Strategically arranging her long golden tresses, Lady Godiva rode through
Coventry, relieving herself of her clothes and inhibitions in order to
relieve her people of oppressive taxation. According to the traditional
story, Lady Godiva (c.1040-c.1080) had joking agreed to ride naked through
the crowded streets at high noon if her husband, Leofric, earl of Mercia
and lord of Coventry, and one of the most powerful nobles in England,
would lift burdensome taxes he had imposed on the townspeople. At least
Leofric thought she was joking. To the delight of his twice blessed
tenants, the earl had to keep his promise when his wife took him at his
word and kept hers.
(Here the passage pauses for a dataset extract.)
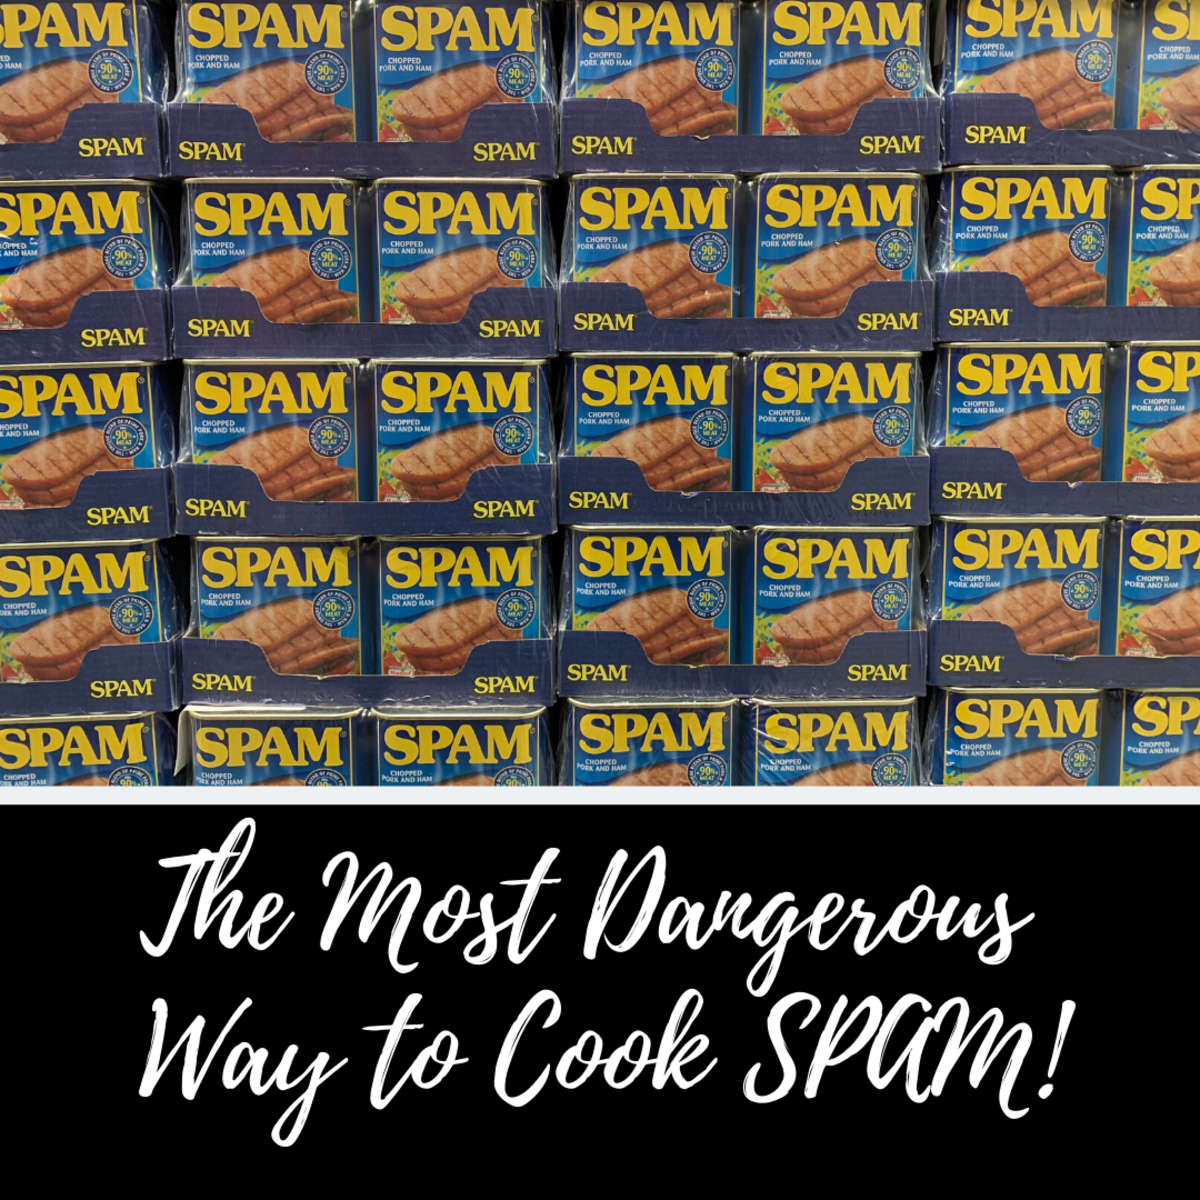 Canned foods can be dangerous if cooked wrong. Read on to learn more.

He removed the exaction almost as soon as she had
removed her clothes and displayed herself in the marketplace. The pioneer
Lady Godiva, a title humorously applied to any undraped woman, was
apparently the benefactress of several religious houses in the reign of
Edward the Confessor, and founded the Benedictine monastery at Coventry.
Her real name was Godgifu, her legendary ride, as famous and more
interesting than Paul Revere's, first recorded in Flores historiarum by
Roger of Wendover (d.1237), who quoted from an earlier writer. From 1678
until 1836 the patroness of Coventry was honored by an annual procession
commemorating her bareback exhibition - usually held on May 31, weather
permitting. Godiva is the subject of many legends and poems, by Drayton,
Leigh Hunt and Tennyson among others, and since 1949 a bronze statue of
her by Sir William Reid Dick has stood in Coventry.